Predictions for two input images are explained in the plot above. Red pixels represent positive SHAP values that increase the probability of the class, while blue pixels represent negative SHAP values the reduce the probability of the class. By using ranked_outputs=2 we explain only the two most likely classes for each input (this spares us from explaining all 1,000 classes).

Model agnostic example with KernelExplainer (explains any function)

Kernel SHAP uses a specially-weighted local linear regression to estimate SHAP values for any model. Below is a simple example for explaining a multi-class SVM on the classic iris dataset.

import sklearn
import shap
from sklearn.model_selection import train_test_split

# print the JS visualization code to the notebook
shap.initjs()

# train a SVM classifier
X_train,X_test,Y_train,Y_test = train_test_split(*shap.datasets.iris(), test_size=0.2, random_state=0)
svm = sklearn.svm.SVC(kernel='rbf', probability=True)
svm.fit(X_train, Y_train)

# use Kernel SHAP to explain test set predictions
explainer = shap.KernelExplainer(svm.predict_proba, X_train, link="logit")
shap_values = explainer.shap_values(X_test, nsamples=100)

# plot the SHAP values for the Setosa output of the first instance
shap.force_plot(explainer.expected_value[0], shap_values[0][0,:], X_test.iloc[0,:], link="logit")
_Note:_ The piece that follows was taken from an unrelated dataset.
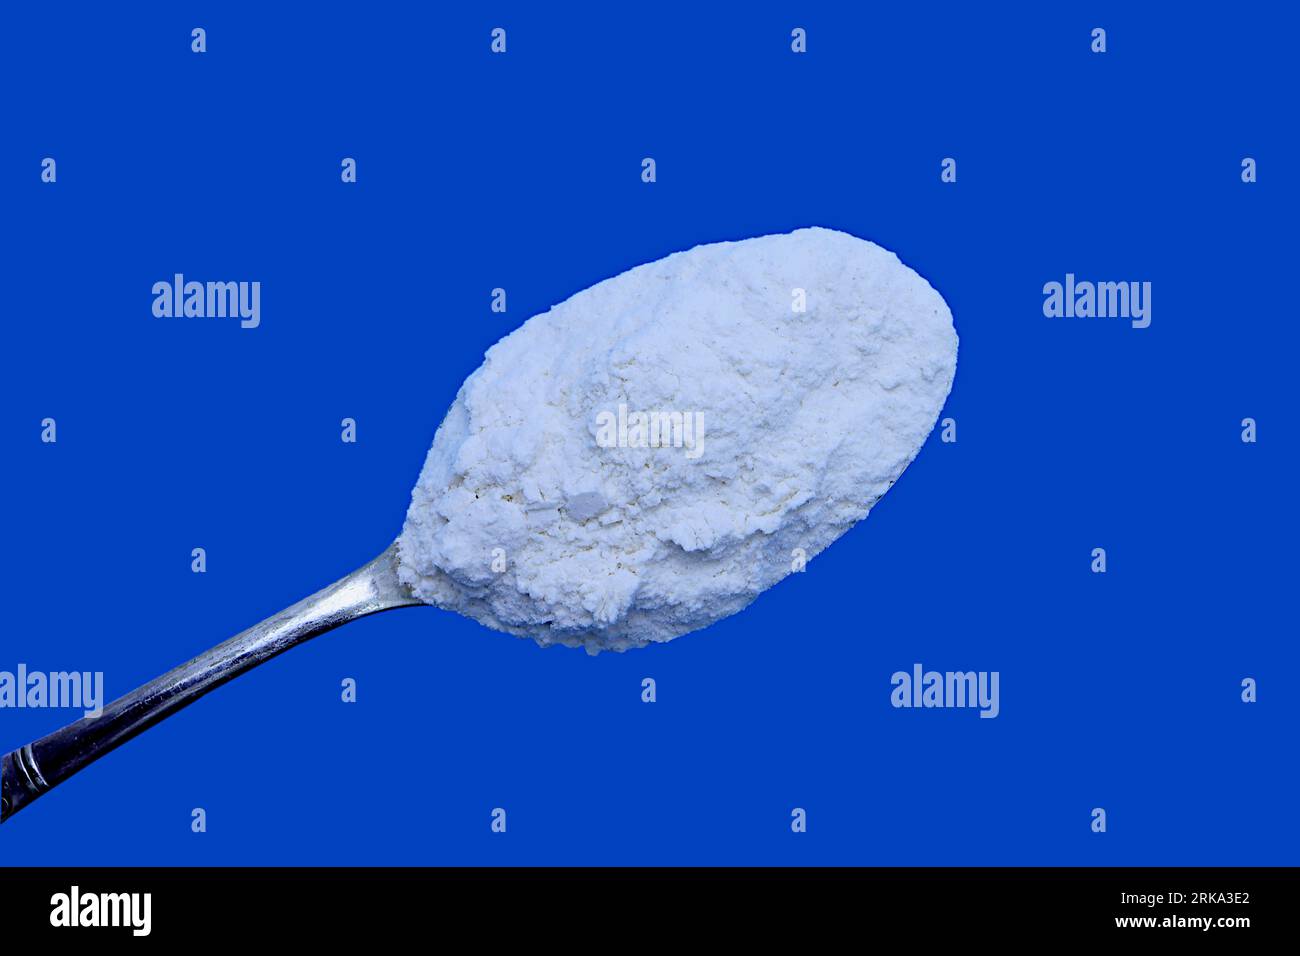 Home baking ingredients: Still life of plain white flour. Blue background, negative space. Stock Photo
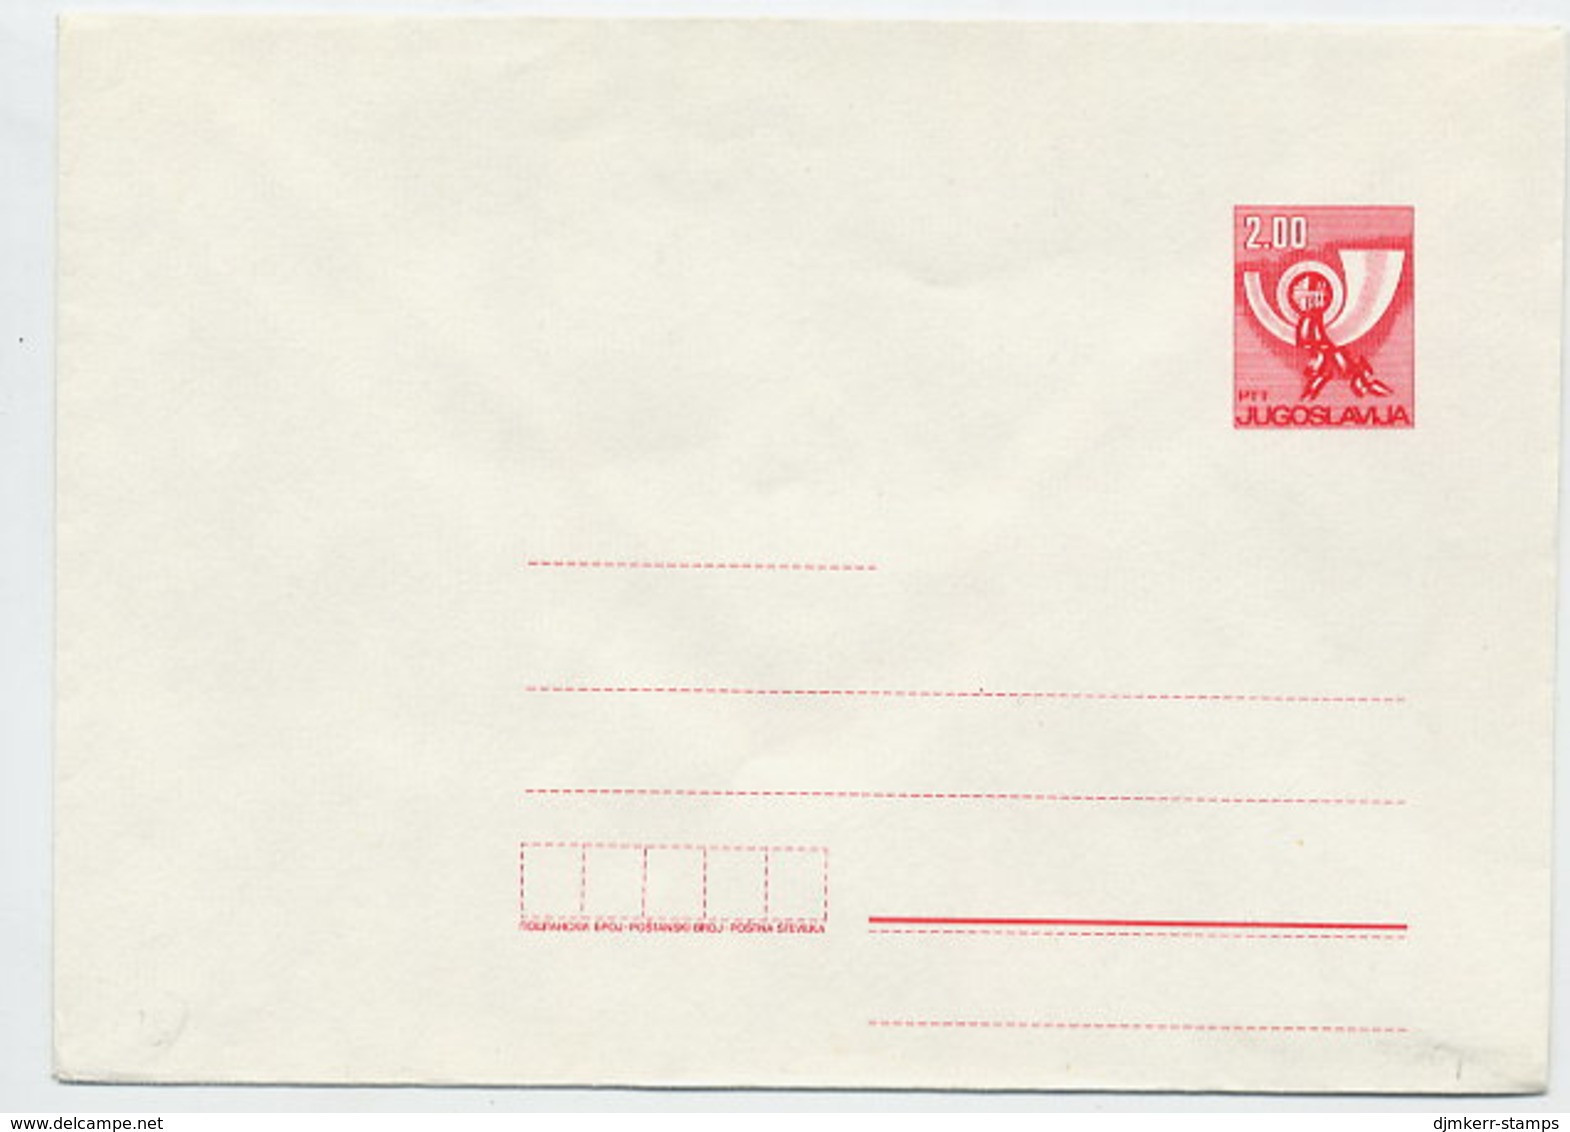 YUGOSLAVIA 1978 Posthorn 2.00 D. Envelope, Unused. Michel U71 - Entiers Postaux

The above explanation shows four features each contributing to push the model output from the base value (the average model output over the training dataset we passed) towards zero. If there were any features pushing the class label higher they would be shown in red.

If we take many explanations such as the one shown above, rotate them 90 degrees, and then stack them horizontally, we can see explanations for an entire dataset. This is exactly what we do below for all the examples in the iris test set:

# plot the SHAP values for the Setosa output of all instances
shap.force_plot(explainer.expected_value[0], shap_values[0], X_test, link="logit")

SHAP Interaction Values

SHAP interaction values are a generalization of SHAP values to higher order interactions. Fast exact computation of pairwise interactions are implemented for tree models with shap.TreeExplainer(model).shap_interaction_values(X). This returns a matrix for every prediction, where the main effects are on the diagonal and the interaction effects are off-diagonal. These values often reveal interesting hidden relationships, such as how the increased risk of death peaks for men at age 60 (see the NHANES notebook for details):

Sample notebooks

The notebooks below demonstrate different use cases for SHAP. Look inside the notebooks directory of the repository if you want to try playing with the original notebooks yourself.

TreeExplainer

An implementation of Tree SHAP, a fast and exact algorithm to compute SHAP values for trees and ensembles of trees.

DeepExplainer

An implementation of Deep SHAP, a faster (but only approximate) algorithm to compute SHAP values for deep learning models that is based on connections between SHAP and the DeepLIFT algorithm.

GradientExplainer

An implementation of expected gradients to approximate SHAP values for deep learning models. It is based on connections between SHAP and the Integrated Gradients algorithm. GradientExplainer is slower than DeepExplainer and makes different approximation assumptions.

LinearExplainer

For a linear model with independent features we can analytically compute the exact SHAP values. We can also account for feature correlation if we are willing to estimate the feature covariance matrix. LinearExplainer supports both of these options.

KernelExplainer

An implementation of Kernel SHAP, a model agnostic method to estimate SHAP values for any model. Because it makes no assumptions about the model type, KernelExplainer is slower than the other model type specific algorithms.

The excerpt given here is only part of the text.